Every 5-6 sec between every request for 500 (5000) articles in API, several hours pauses between large runs. || WASD (talk) 08:13, 16 July 2008 (UTC)[reply]
Well, I'm inclined at this point, to indef. block the account (until it's approved for editing), and, approve this bot. Any objections? SQLQuery me! 21:29, 16 July 2008 (UTC)[reply]
OperatorAssistanceNeeded Template Deleted by WASD BJTalk 06:49, 22 July 2008 (UTC)[reply]
Oh, you were speaking to me, not other admins :) Sure I'll be satisfied with this decision. || WASD (talk) 05:50, 23 July 2008 (UTC)[reply]

I dont know this seems to be a clear cut example of something explicitly disallowed under WP:Bot policy, irregardless of the delay.

Bots that download substantial portions of Wikipedia's content by requesting many individual pages are not permitted.

It's up to you, but I'd suggest getting a dev opinion first. Q T C 05:57, 23 July 2008 (UTC)[reply]

The difference is that this bot do not request individual pages at all, it uses MediaWiki API for multipage request. || WASD (talk) 07:50, 23 July 2008 (UTC)[reply]

If you need to datamine wikipedia, use a dump. The API is clearly not meant to make datamining easier. NicDumZ ~ 10:25, 24 July 2008 (UTC)[reply]

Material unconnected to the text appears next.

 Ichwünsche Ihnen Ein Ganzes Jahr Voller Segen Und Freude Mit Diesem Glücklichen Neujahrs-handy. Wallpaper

Would you mind reading all the discussion? I cannot download dump of every wiki, it's nearly impossible. || WASD (talk) 13:12, 24 July 2008 (UTC)[reply]
If downloading the relevant dump files is too much for you, then scanning the API massively would be too much for both you and the Wikimedia servers. And being rude won't help your case. – Quadell (talk) 17:05, 24 July 2008 (UTC)[reply]
No offend, Quadell, where've you found something rude? That's NicDumZ who didn't read the discussion, not me. Besides, what's the relation between "too much to download" and "too much for Wikipedia API"? Downloading means ALL Wikipedia while scanning uses only several categories, there are no connection between database dump size and my bot's parser. You are inconsistent.
I can give you 10 another reasons (for example, different languages Wikipedia dumps differs by date, sometimes even for several months), but why should I? || WASD (talk) 20:21, 24 July 2008 (UTC)[reply]

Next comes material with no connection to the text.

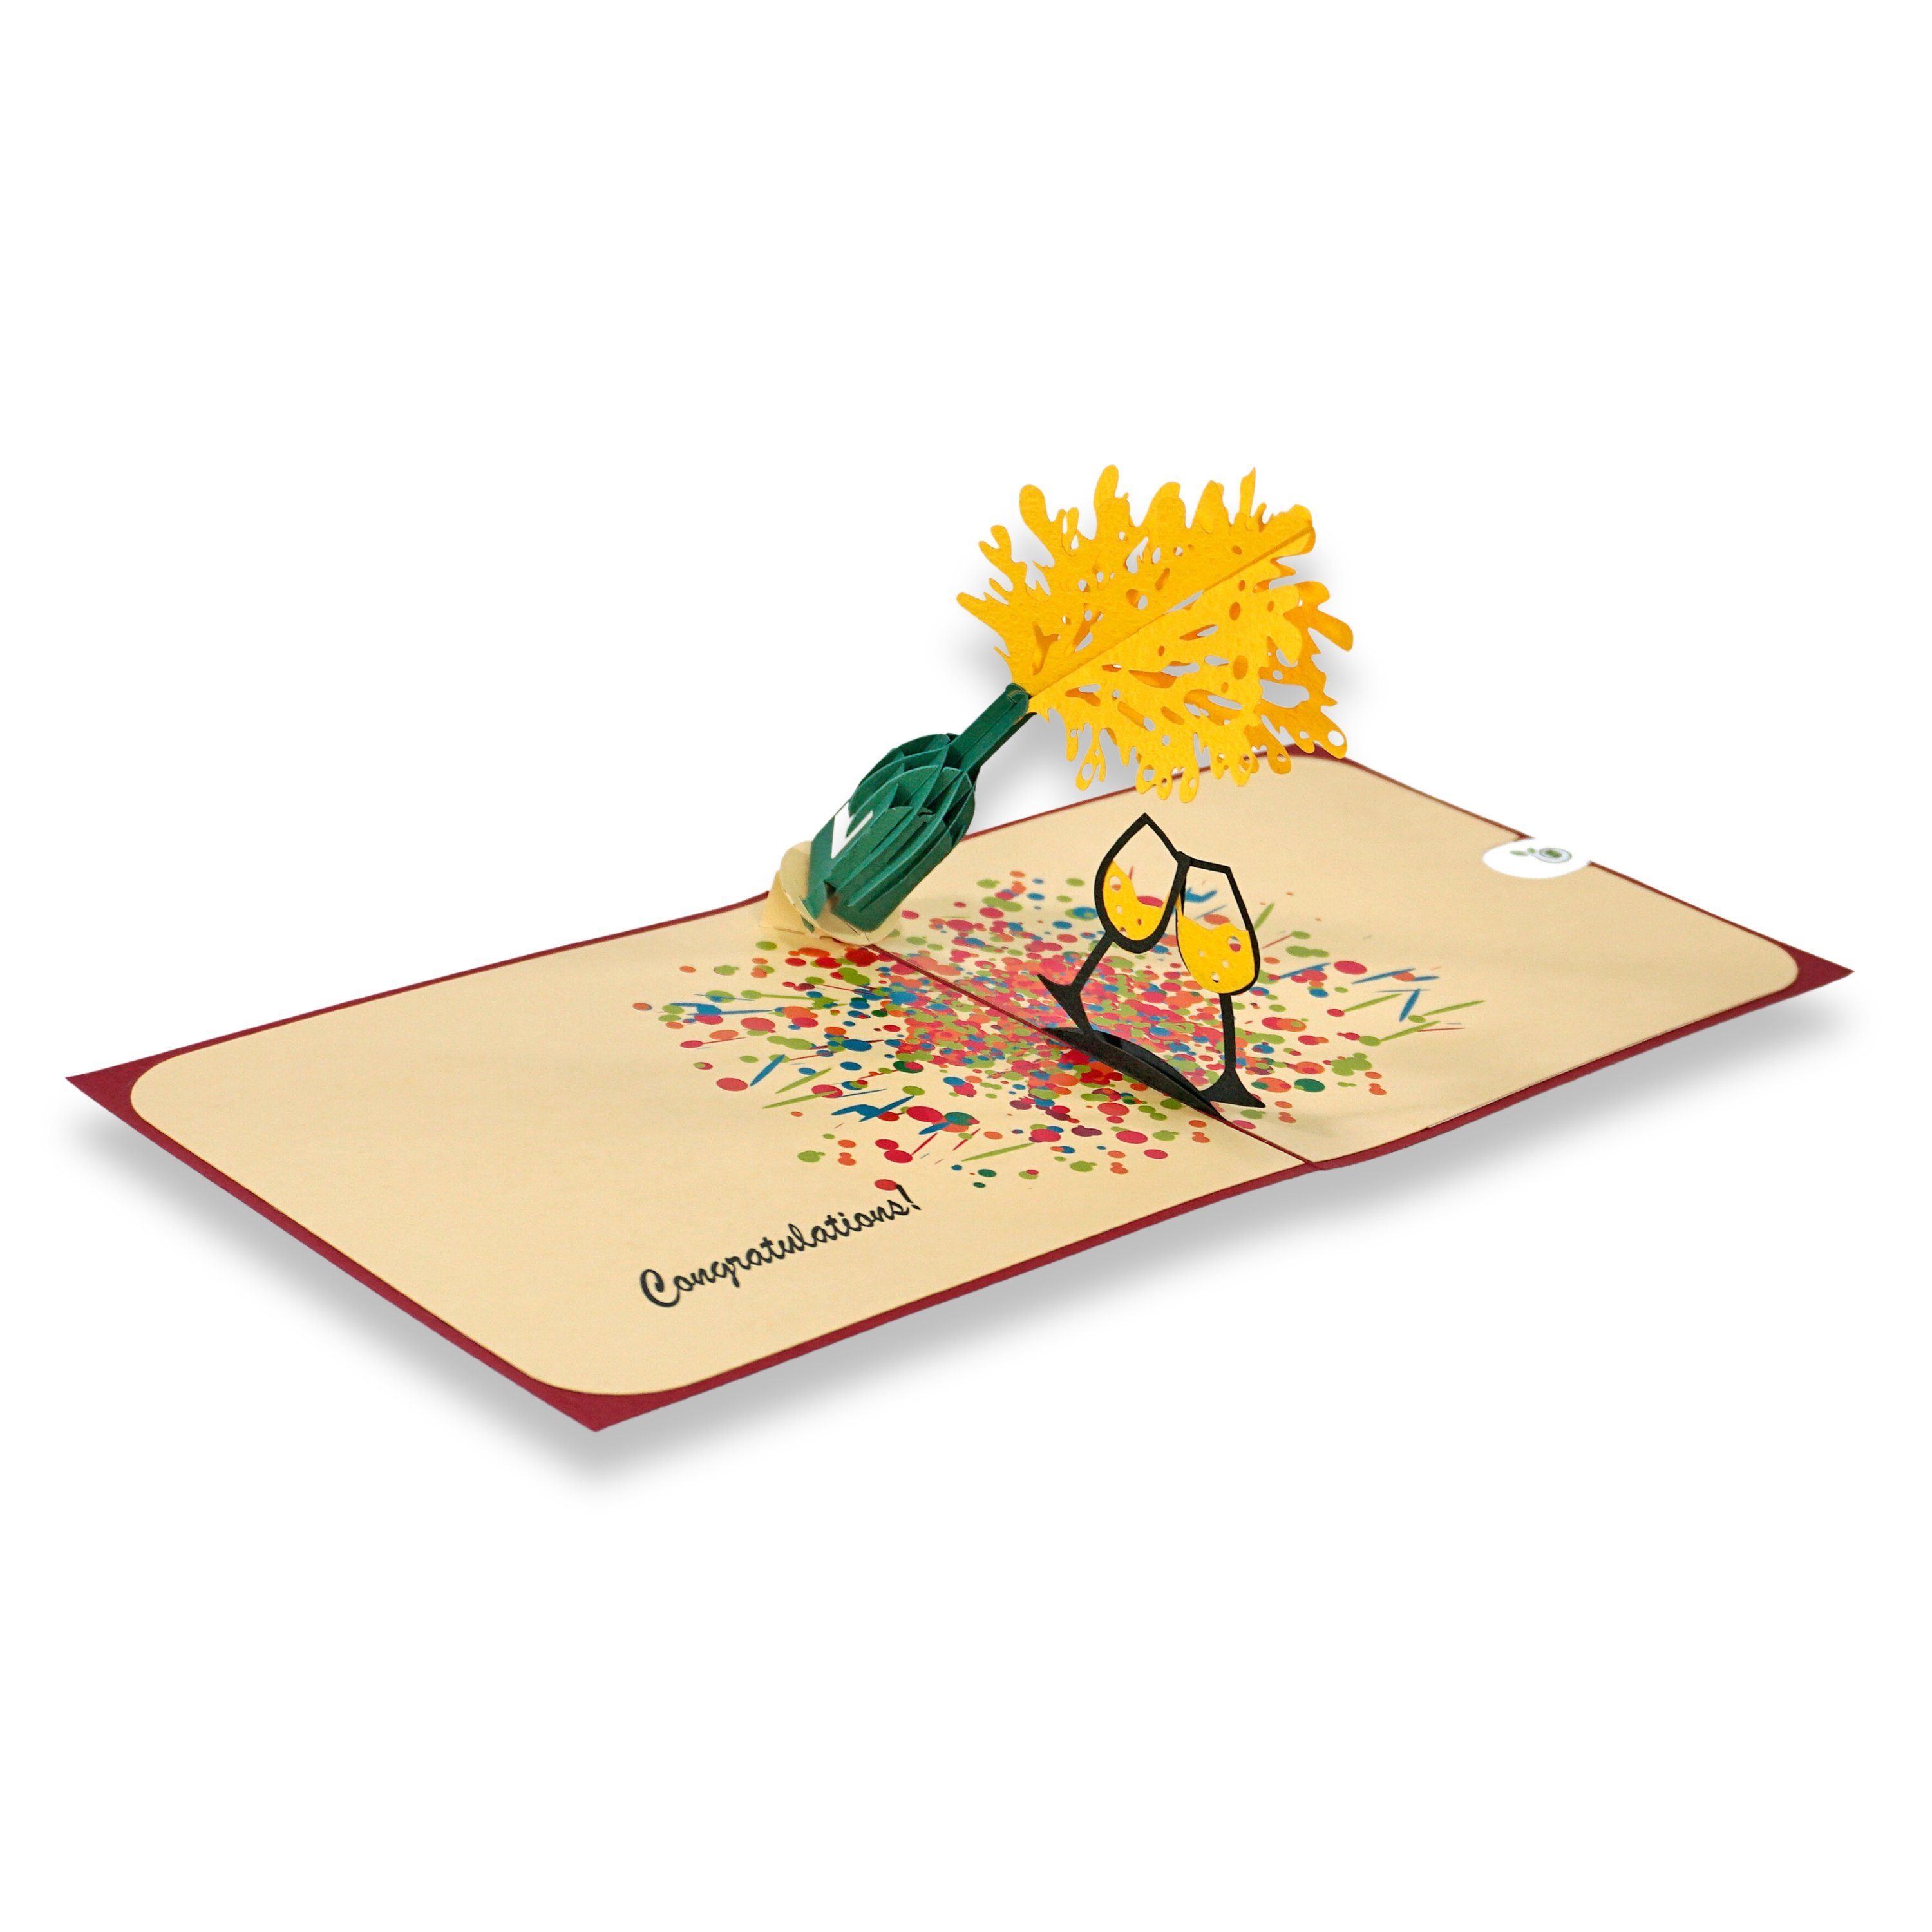 Umschlag 3D paperdora Grußkarte „Glückwünsche“ Pop-Up-Karte und Glückwunschkarte Glückwunsch Wachssiegel, Geschenk mit

The API explicitly allows for content to be taken from it. It has this feature for a reason. If there a legitimate reason for extracting the data (which there seems to be here) and a bot flag will make this job easier and more efficient, I see no reason to deny the request. Those who are worrying about performance issues really shouldn't be. The bot is appropriately throttling itself, and if it doesn't, the server admins will notice and take care of the issue. --MZMcBride (talk) 20:22, 25 July 2008 (UTC)[reply]

 Approved. BJTalk 07:29, 26 July 2008 (UTC)[reply]

The above discussion is preserved as an archive of the debate. Please do not modify it. Subsequent comments should be made in a new section.